**DATA BELOW:**
::::::::

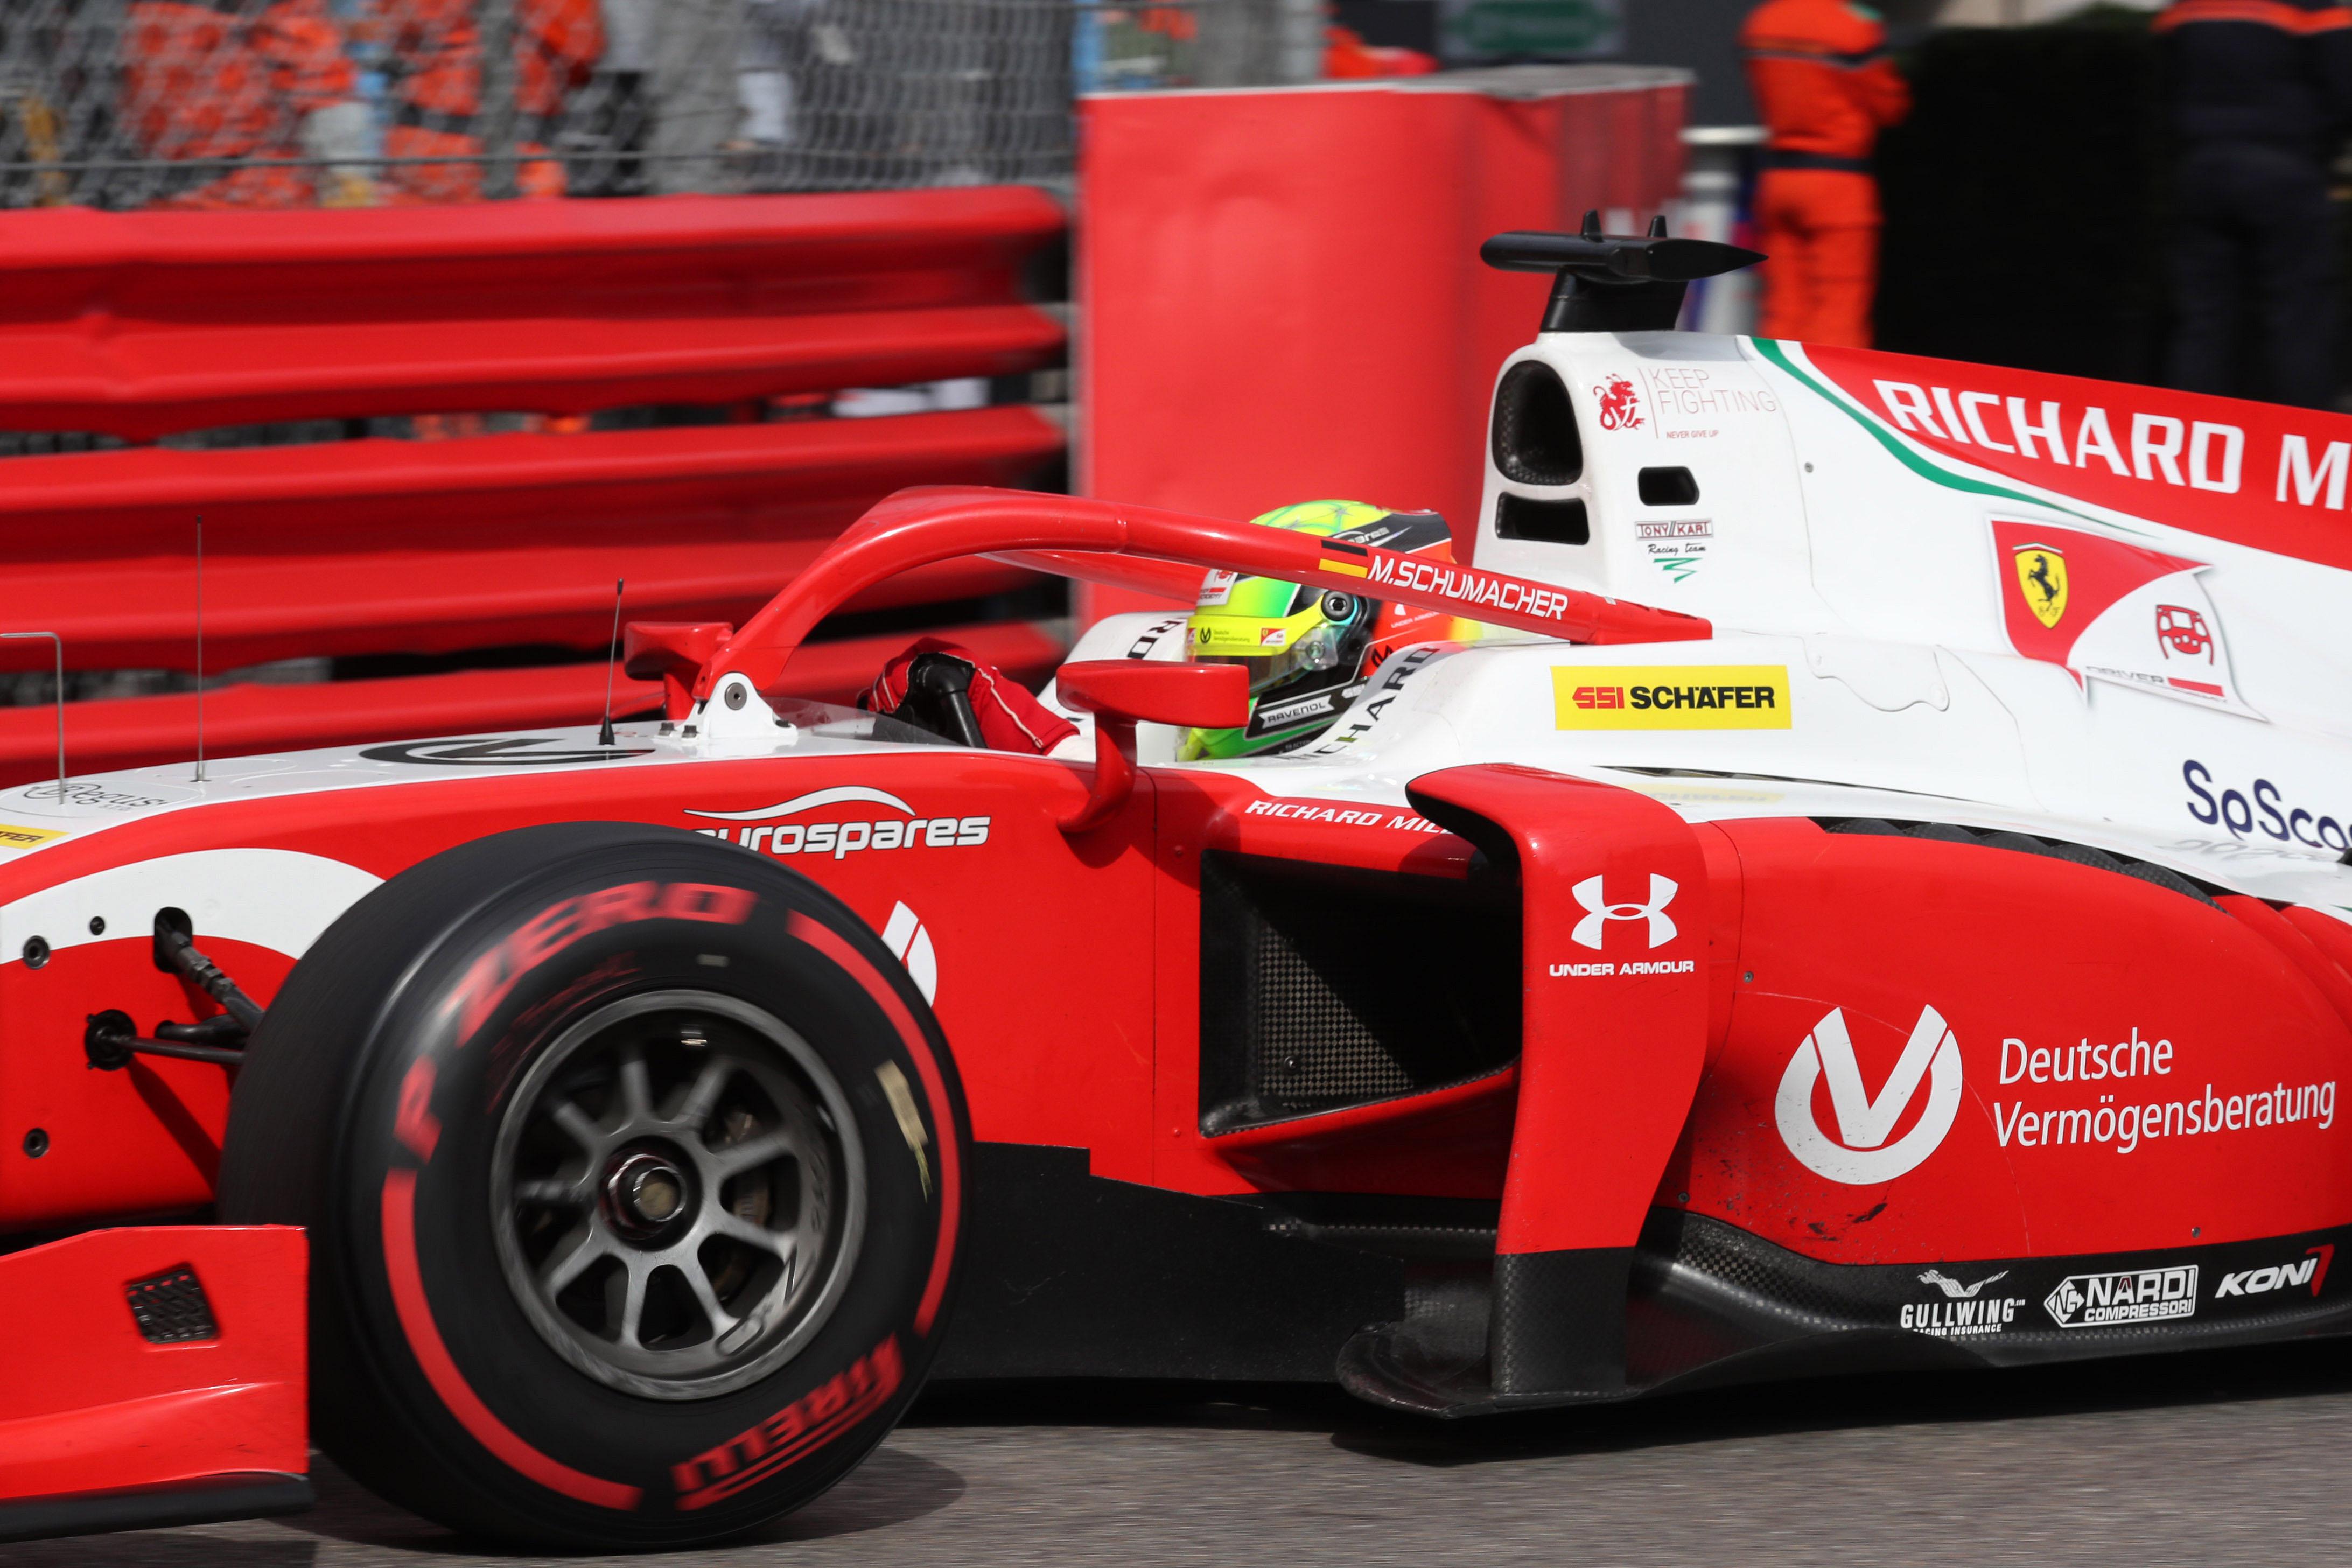 Motor Racing Fia Formula 2 Championship Thursday Monte Carlo, Monaco
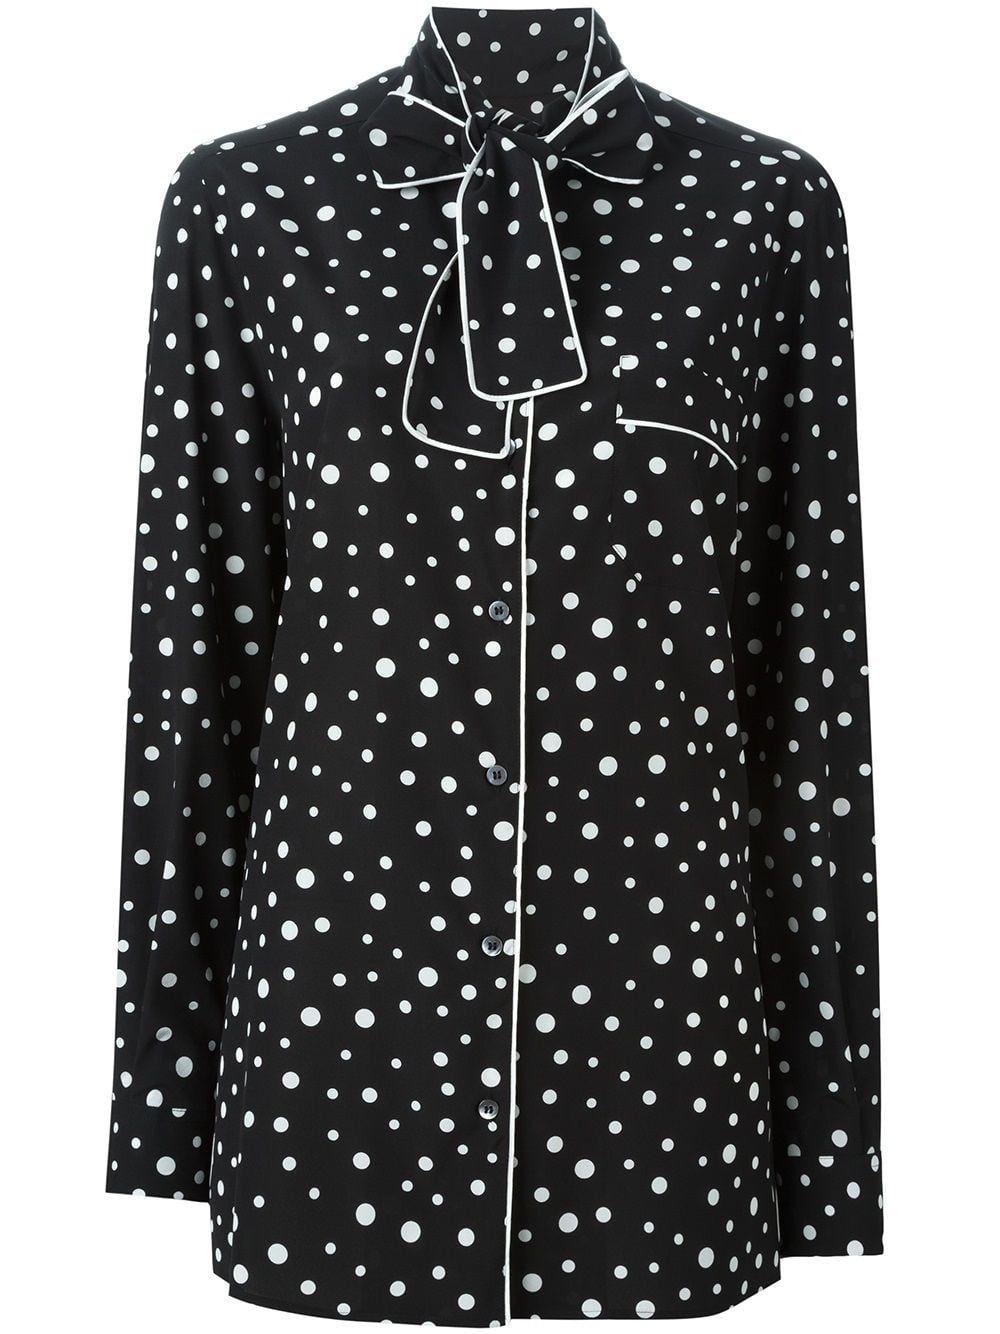 449a4f9d0f Dolce & Gabbana polka dot print pyjama shirt - Black | Products in ...
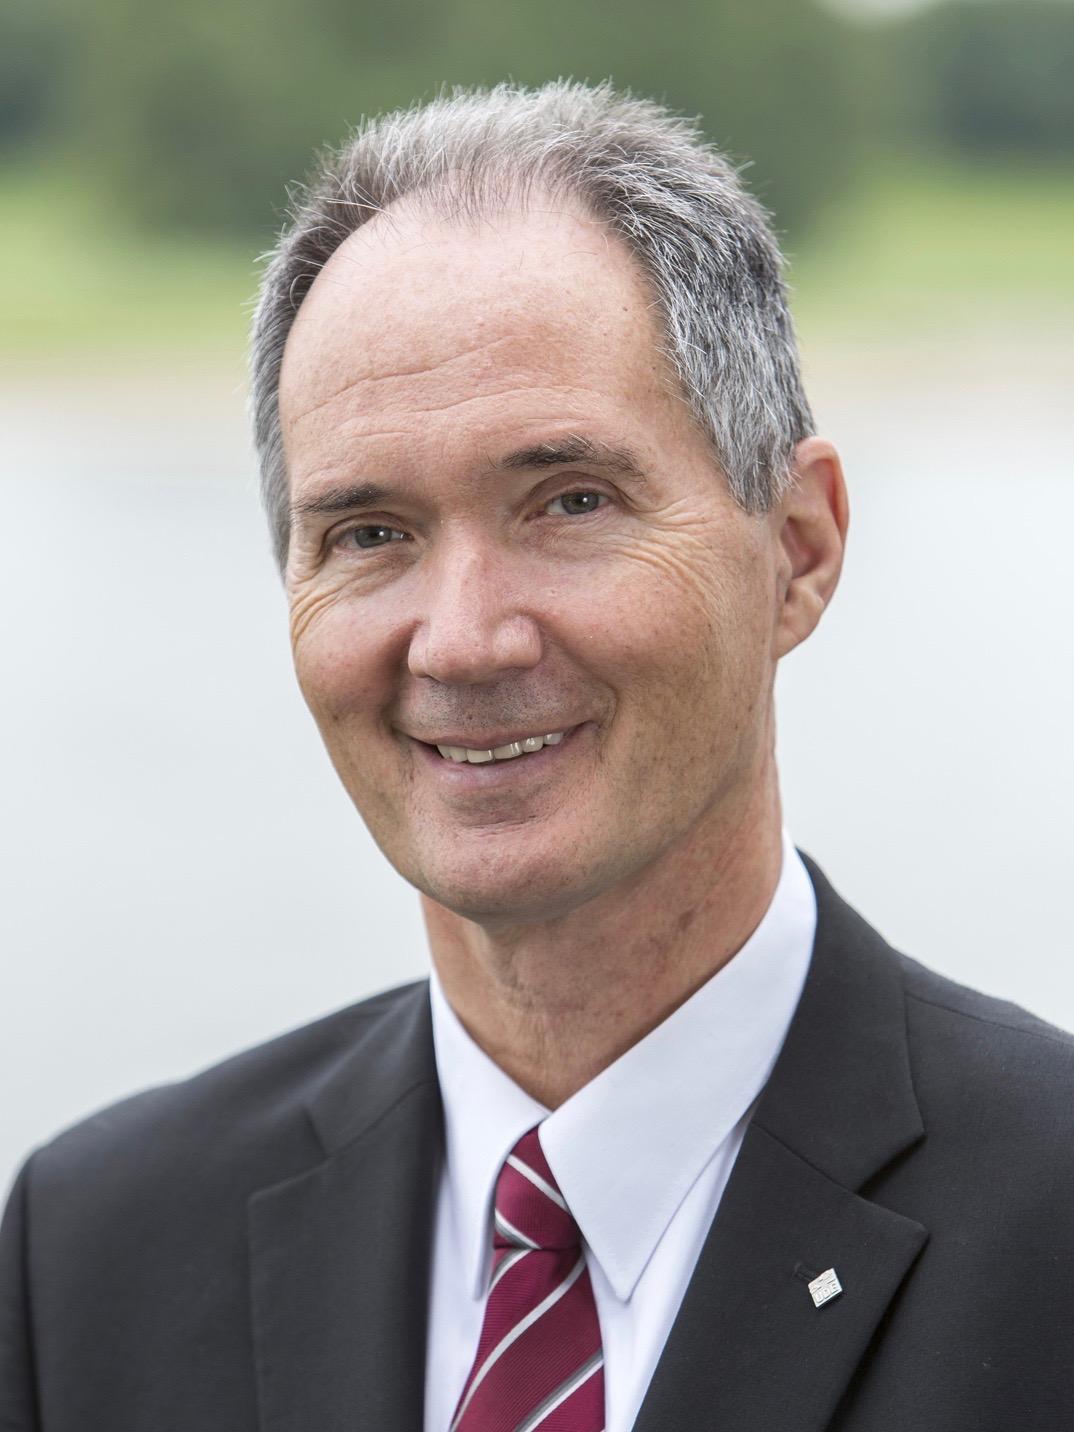 Univ.-Prof. Dr. Ulrich Radtke
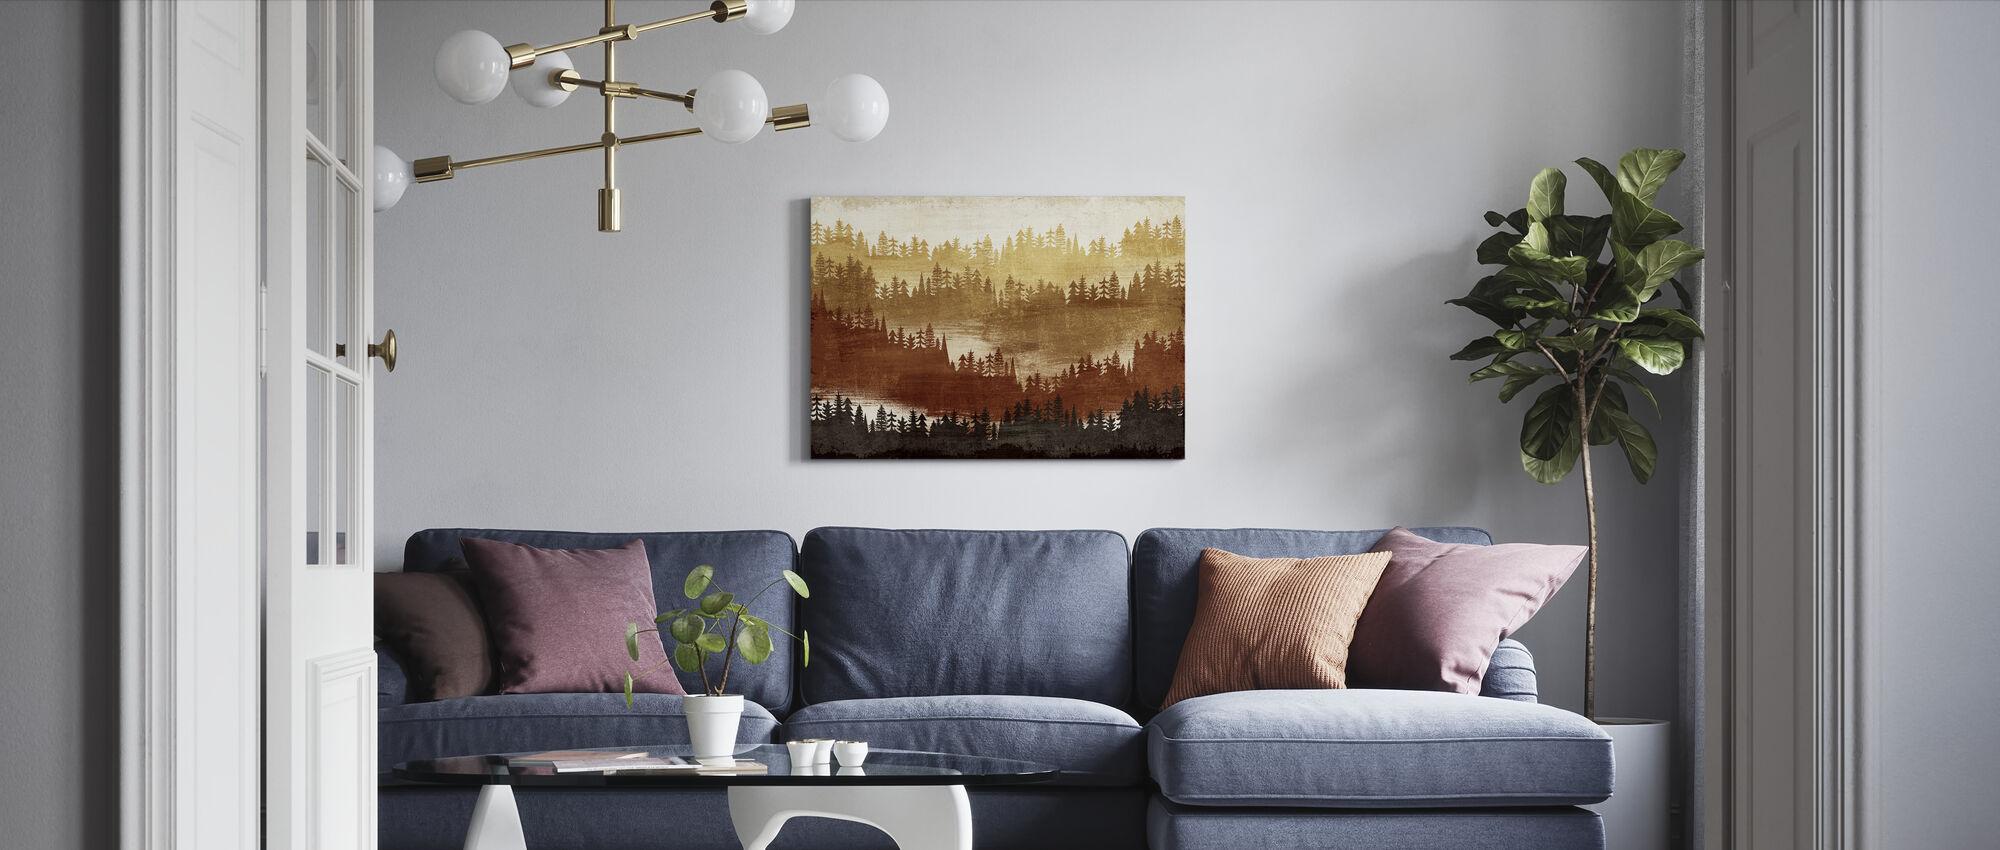 Fjelllandskap Spice - Lerretsbilde - Stue

::::::::

**EXERCISE REQUIREMENTS:** Without including any pictures, reproduce the listing exactly.

**SOLUTION TO THE PROBLEM:**
 Motor Racing Fia Formula 2 Championship Thursday Monte Carlo, Monaco
 449a4f9d0f Dolce & Gabbana polka dot print pyjama shirt - Black | Products in ...
 Univ.-Prof. Dr. Ulrich Radtke
 Fjelllandskap Spice - Lerretsbilde - Stue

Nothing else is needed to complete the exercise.